### Source data
———
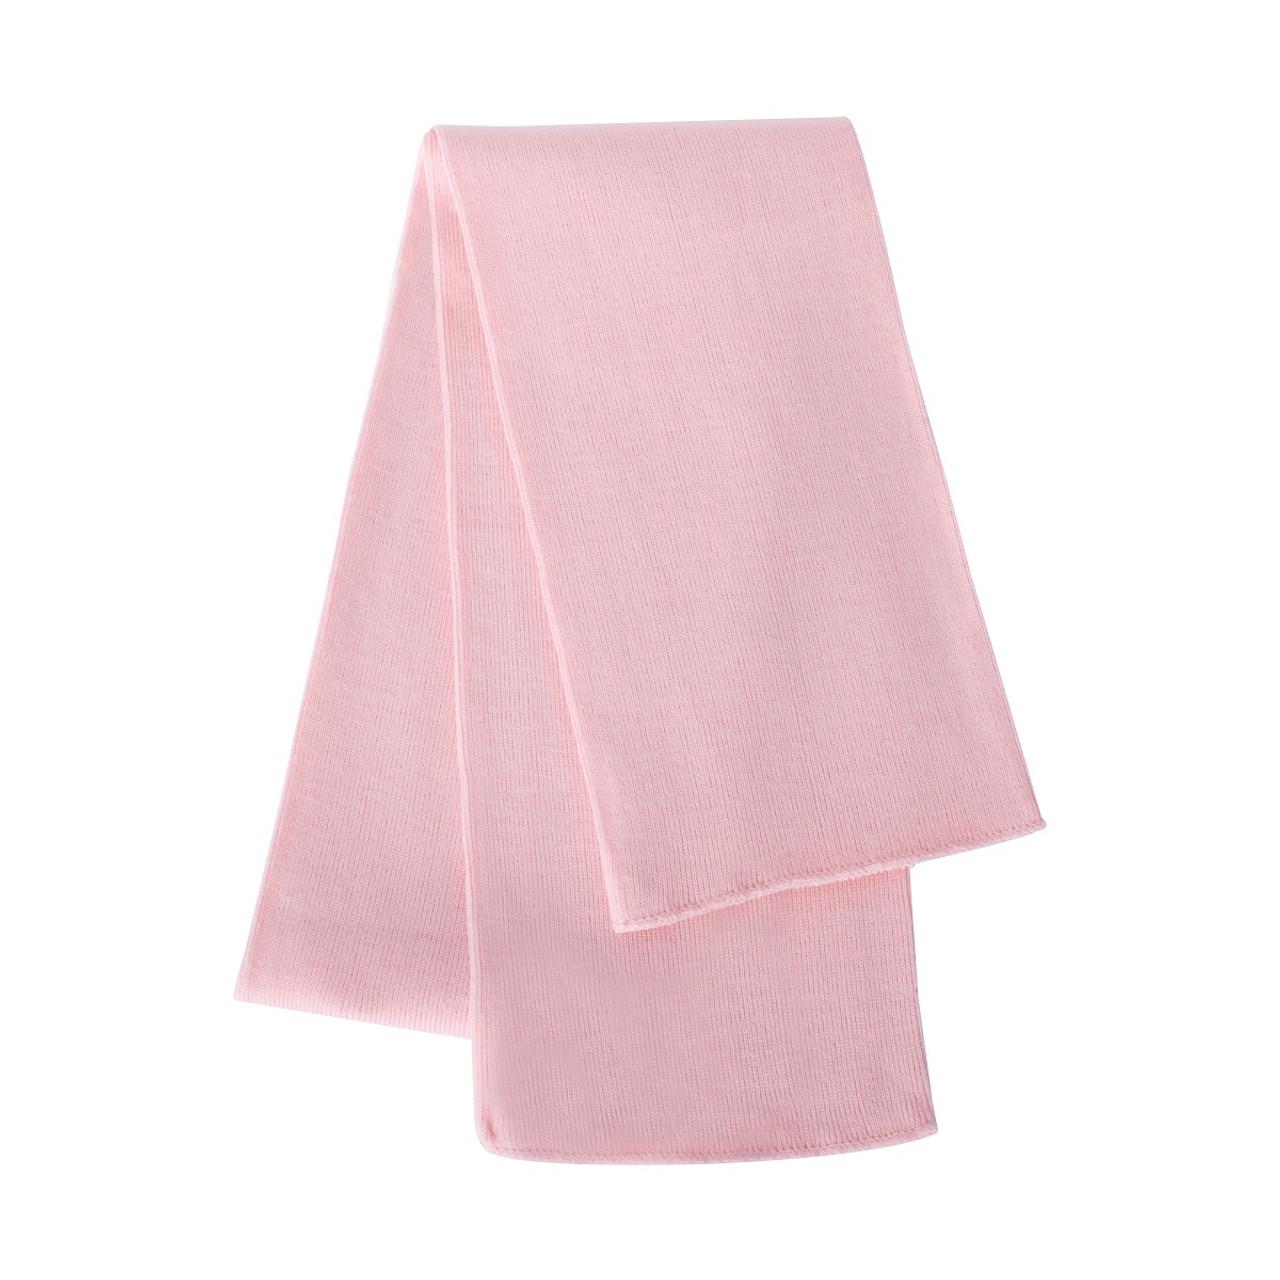 Pink - SP04 Sportsman Knit Scarf | T-shirt.ca
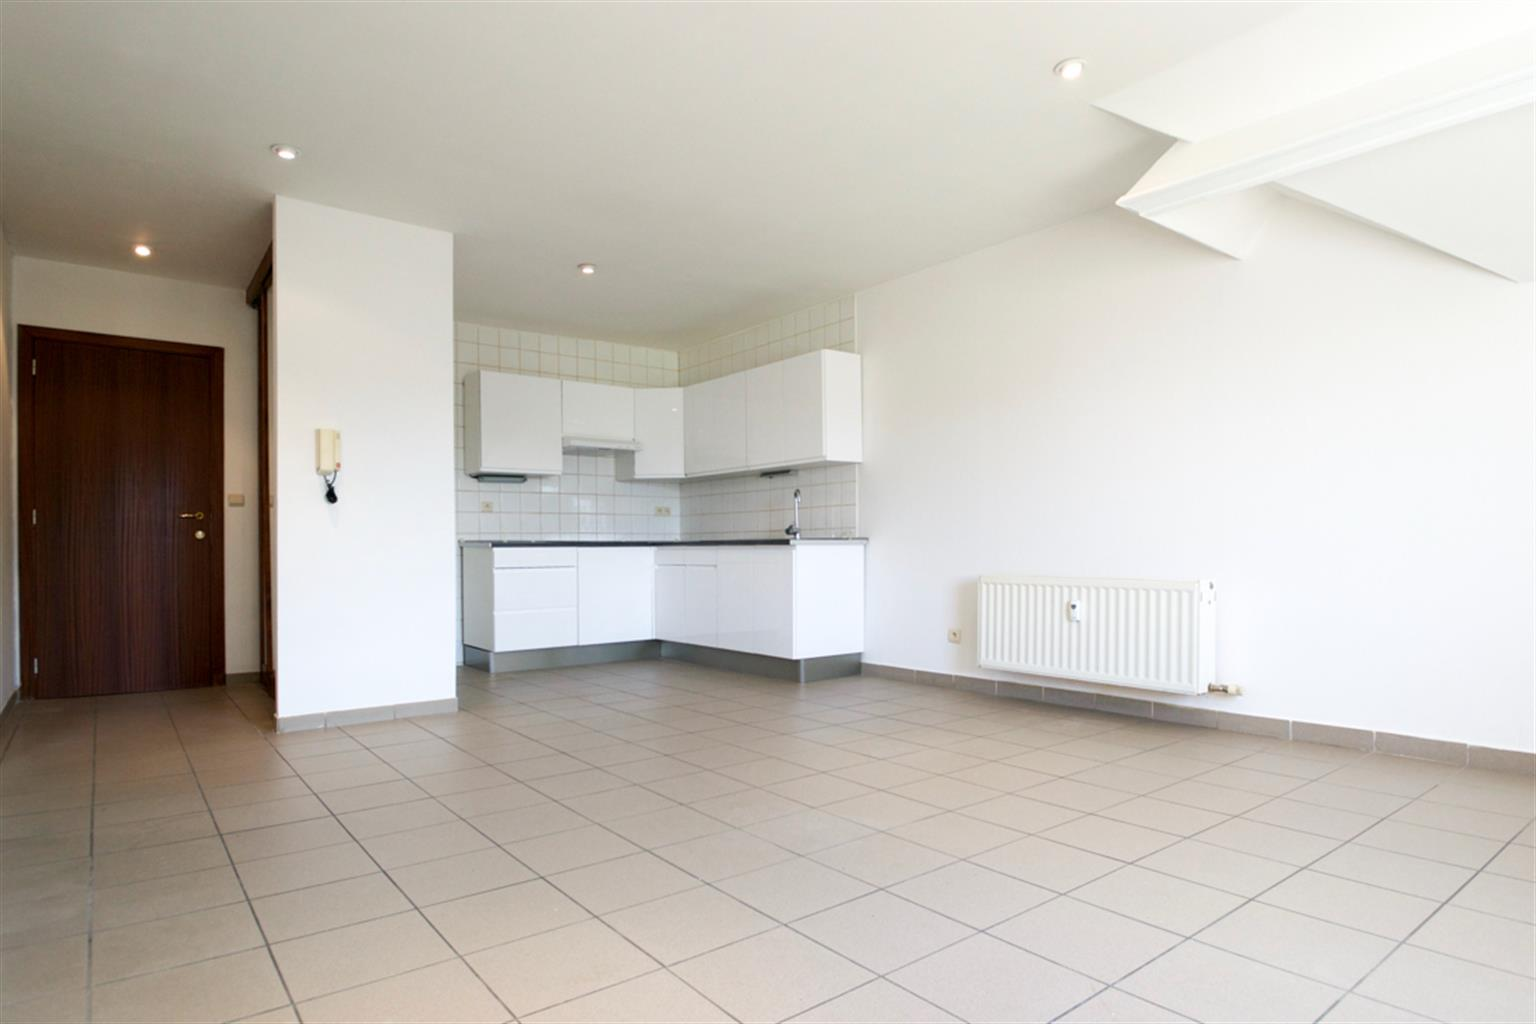 Appartement - Leval-Trahegnies - #3988340-0
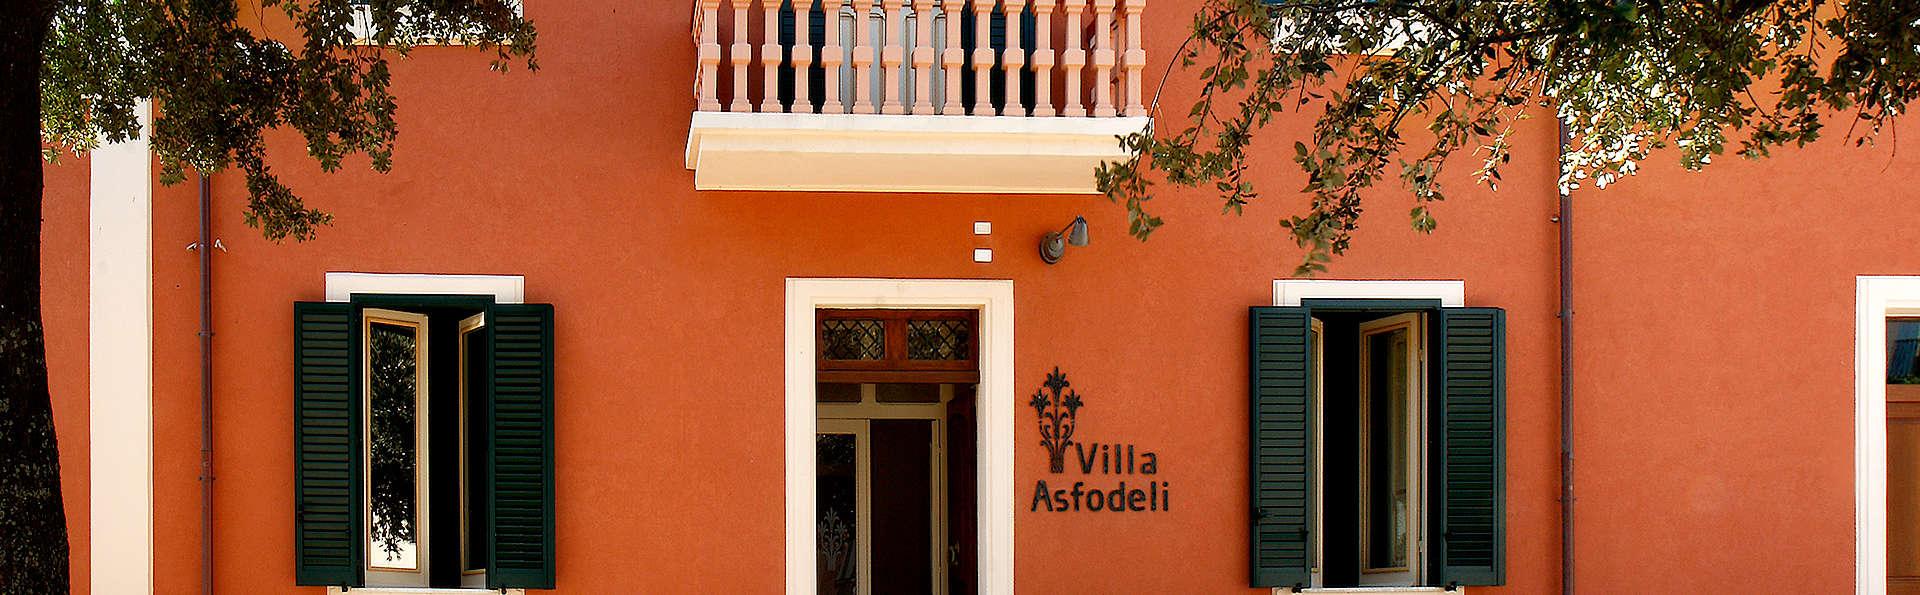 Villa Asfodeli - Edit_Front.jpg
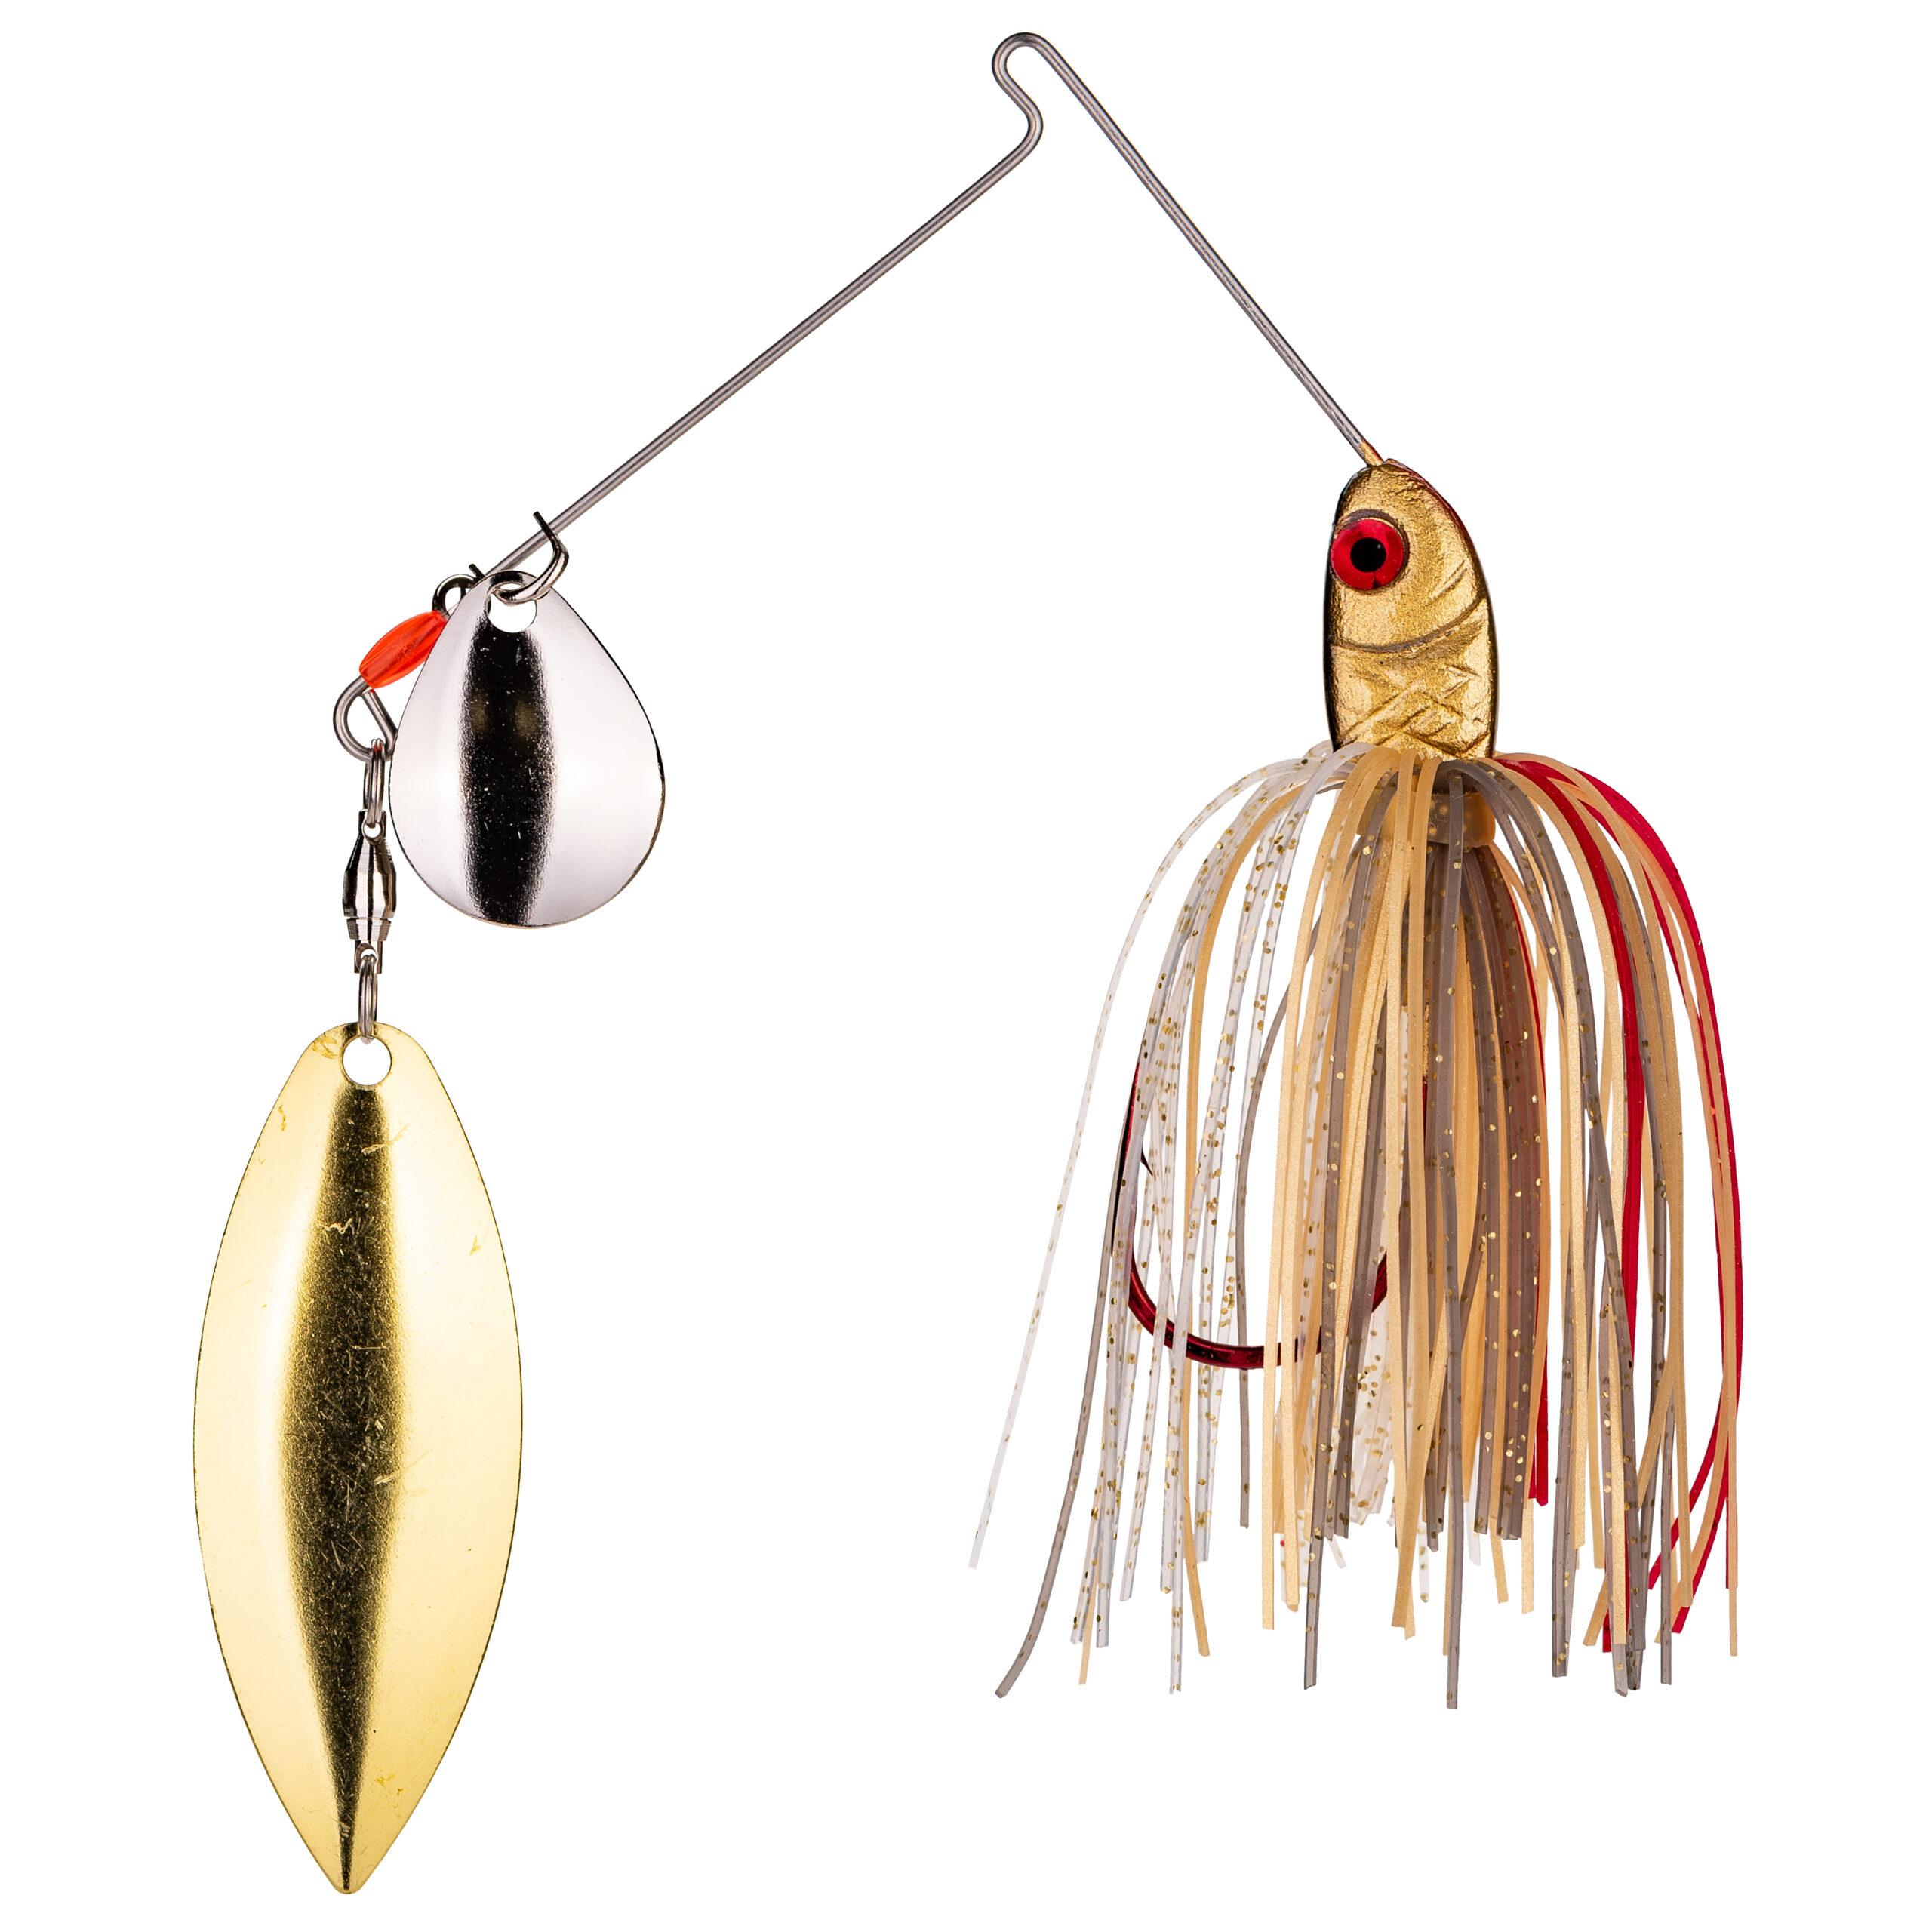 Strike King Lures – Spinnerbaits – Colorado Willow - 3/8oz - BB38CW-315SG - Gold Shiner
———
### What the exercise asks
Beginning with the line that holds "Appartement - Leval-Trahegnies - #3988340-0", write out exactly the lines down to the end of the material above, and no others. Pictures are not part of the copy.

### Result of the task
 Appartement - Leval-Trahegnies - #3988340-0
 Villa Asfodeli - Edit_Front.jpg
 Strike King Lures – Spinnerbaits – Colorado Willow - 3/8oz - BB38CW-315SG - Gold Shiner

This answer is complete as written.